• [What needs to be done] Beginning with the line containing "Buty Sportowe Benzynowe" and going on through the line containing "X-Pro 125cc ATVクアッドキッズ", the lines below are to be returned exactly, pictures excluded and nothing added.

• [Extracted data]
↓

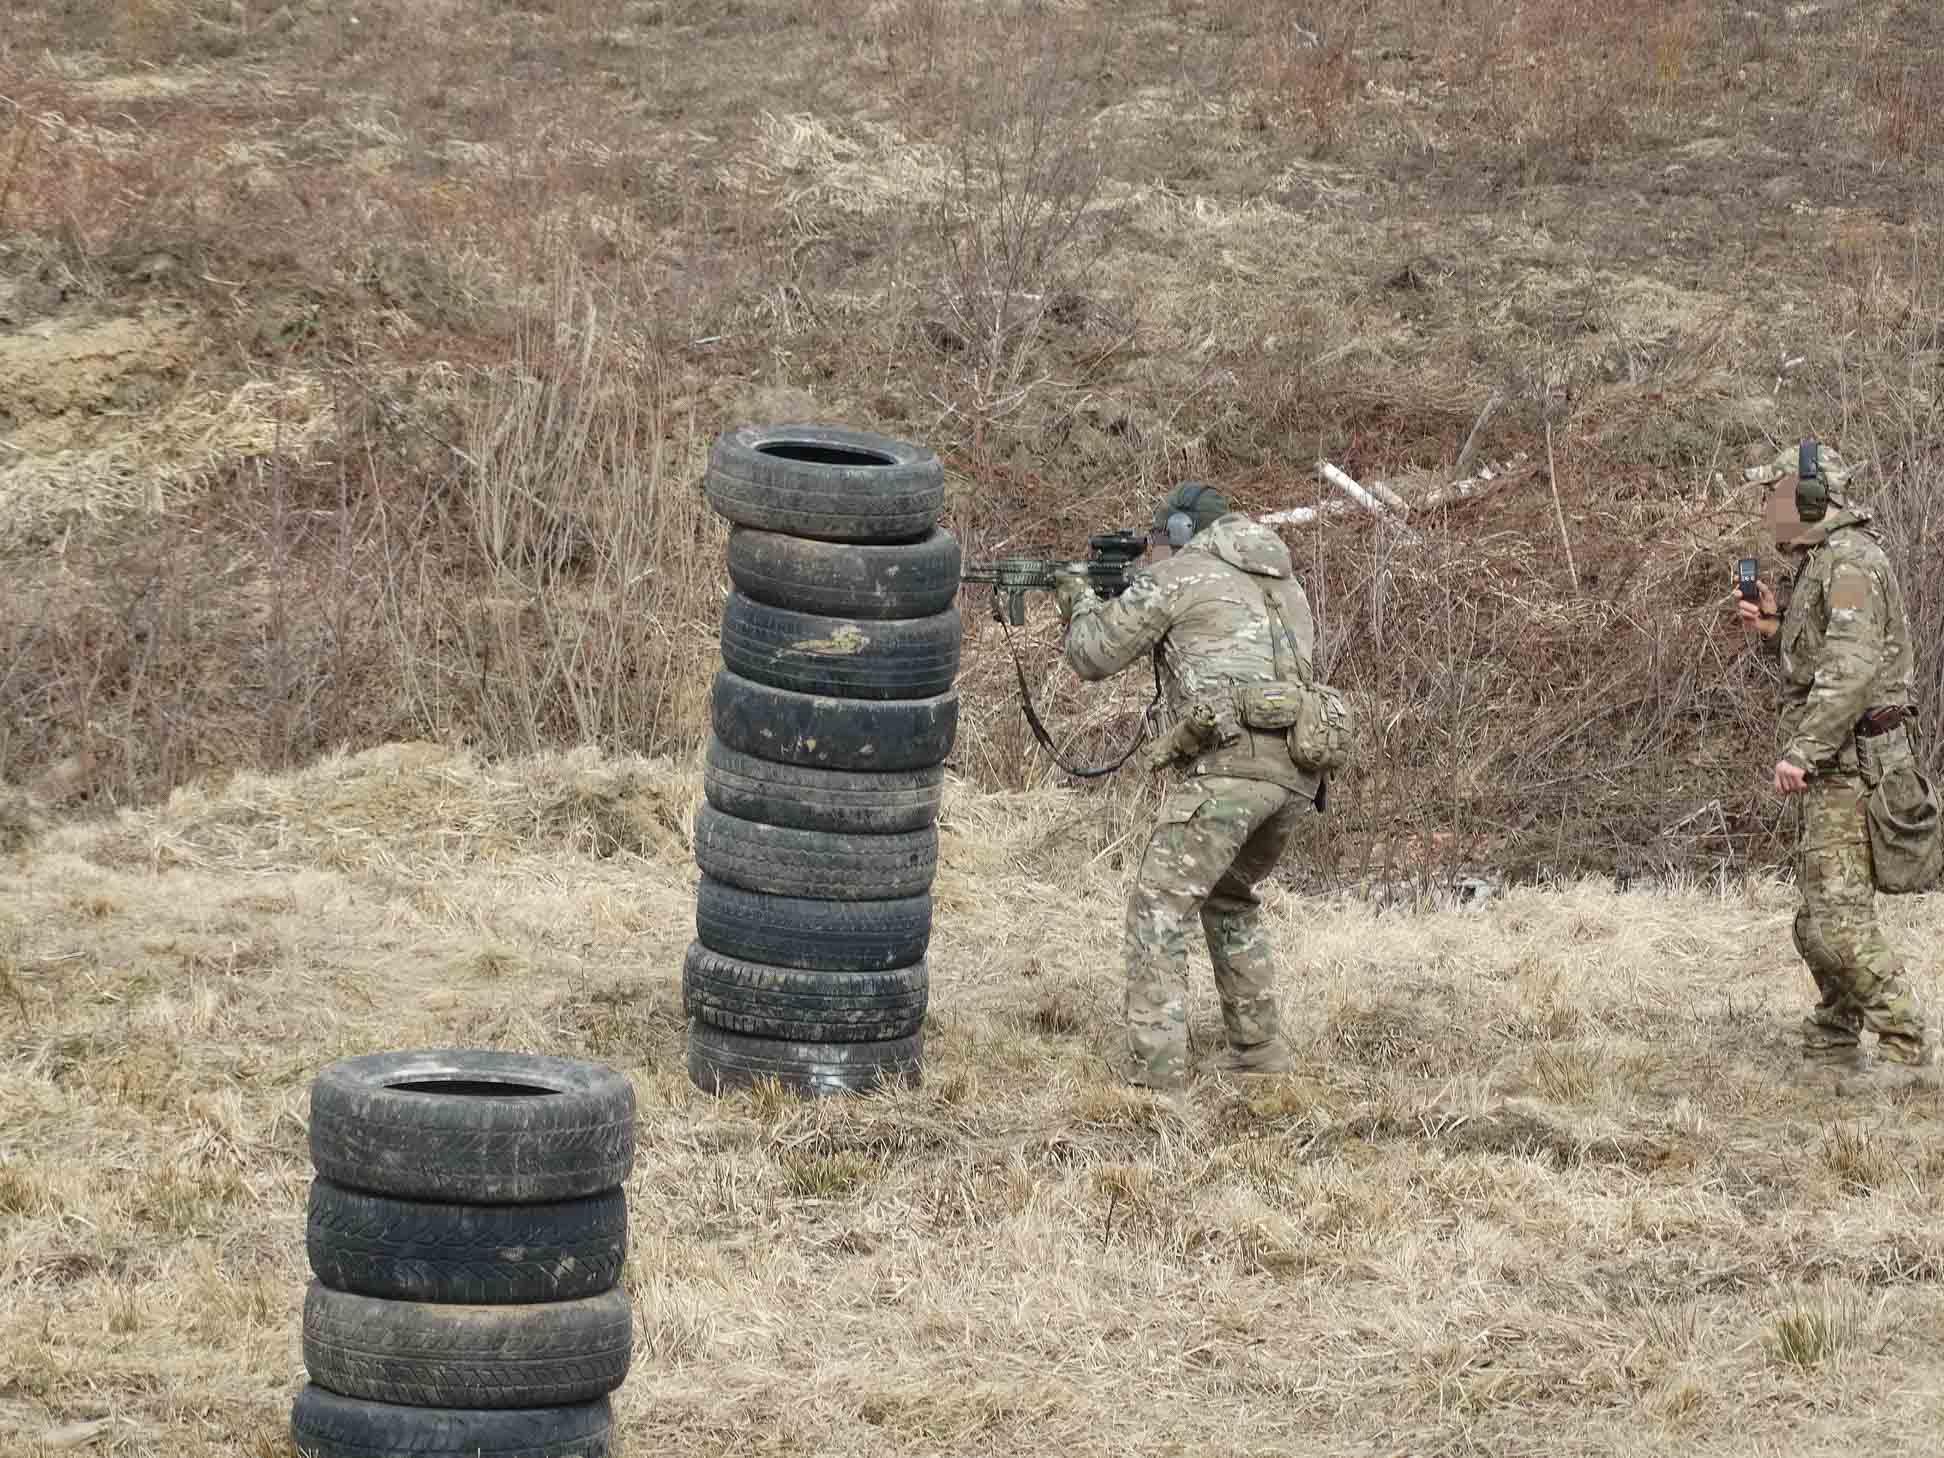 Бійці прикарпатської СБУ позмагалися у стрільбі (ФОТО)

↑
↓

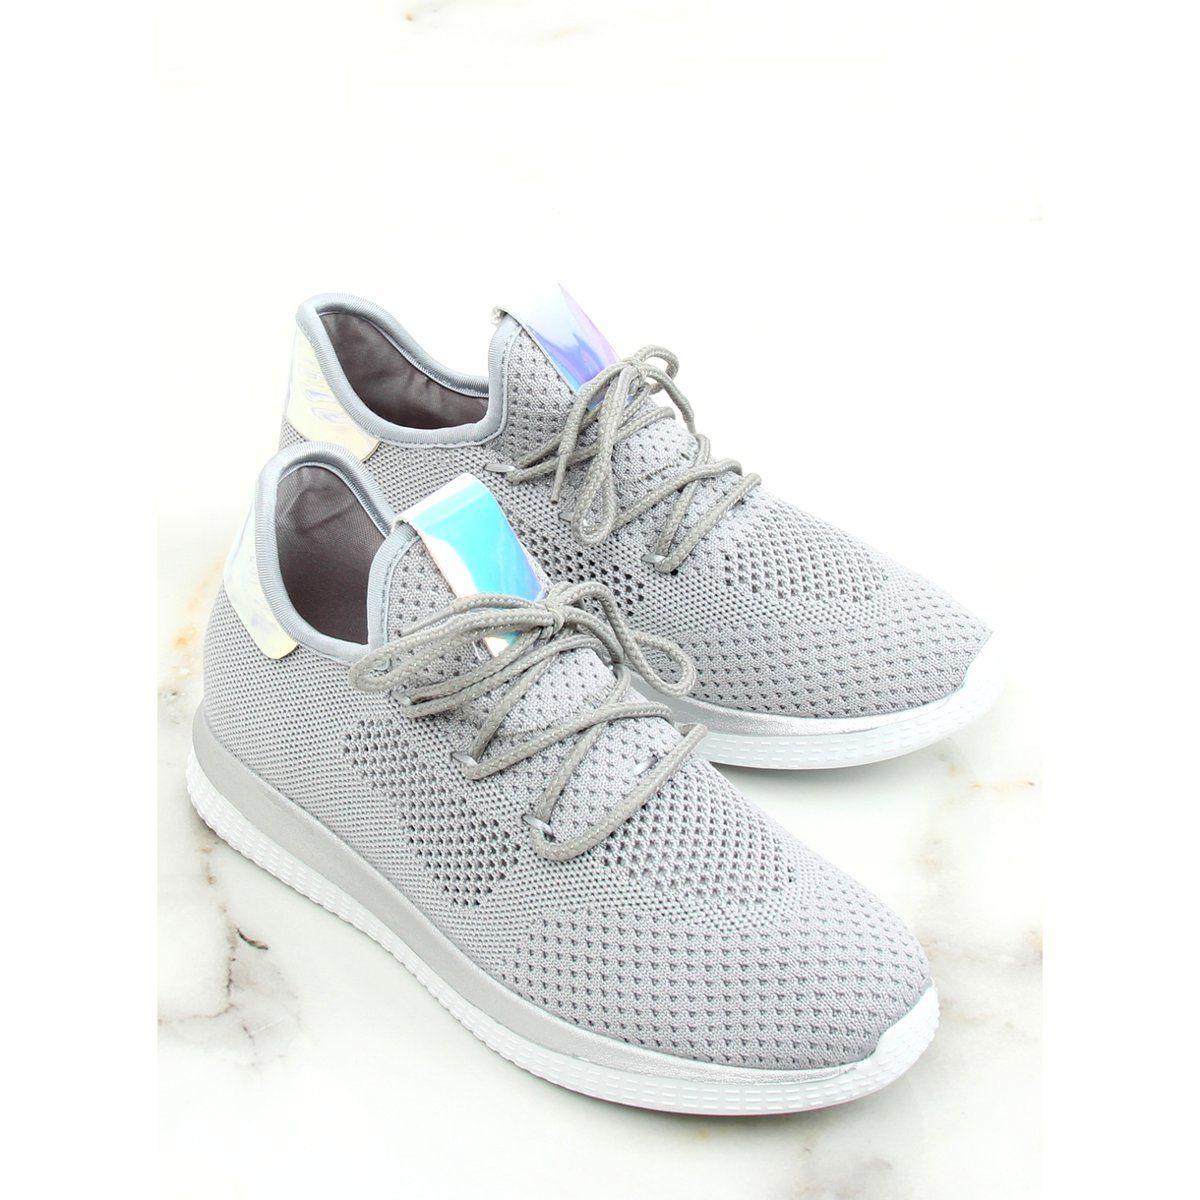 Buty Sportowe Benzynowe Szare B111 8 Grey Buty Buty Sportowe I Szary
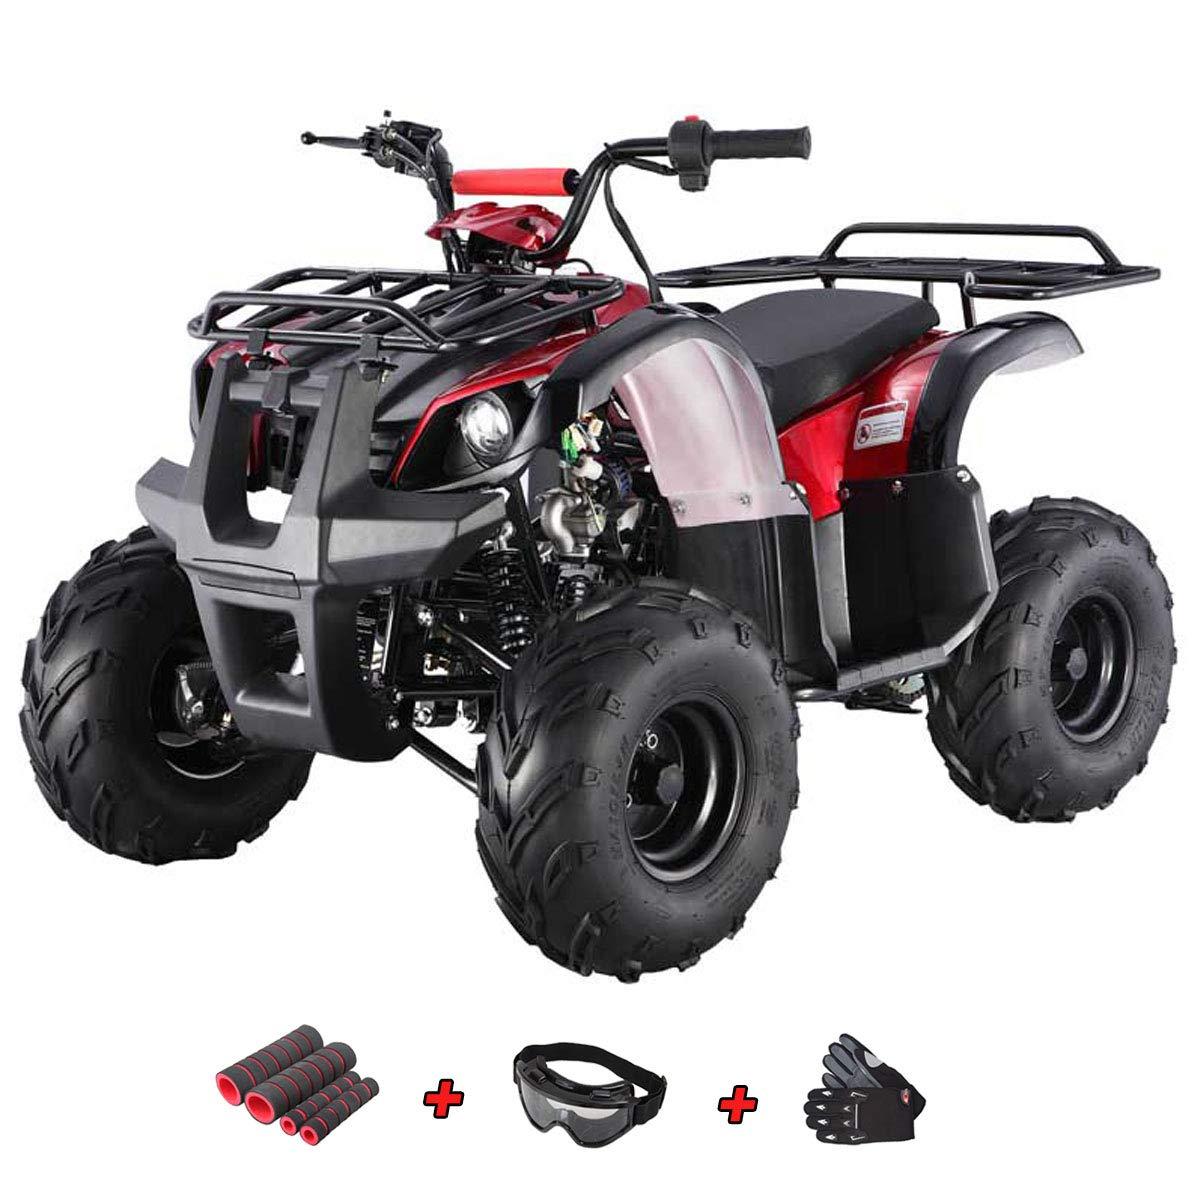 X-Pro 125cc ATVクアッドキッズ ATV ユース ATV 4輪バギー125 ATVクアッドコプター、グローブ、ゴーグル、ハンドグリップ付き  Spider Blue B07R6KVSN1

↑

• [Expected answer]
 Buty Sportowe Benzynowe Szare B111 8 Grey Buty Buty Sportowe I Szary
 X-Pro 125cc ATVクアッドキッズ ATV ユース ATV 4輪バギー125 ATVクアッドコプター、グローブ、ゴーグル、ハンドグリップ付き  Spider Blue B07R6KVSN1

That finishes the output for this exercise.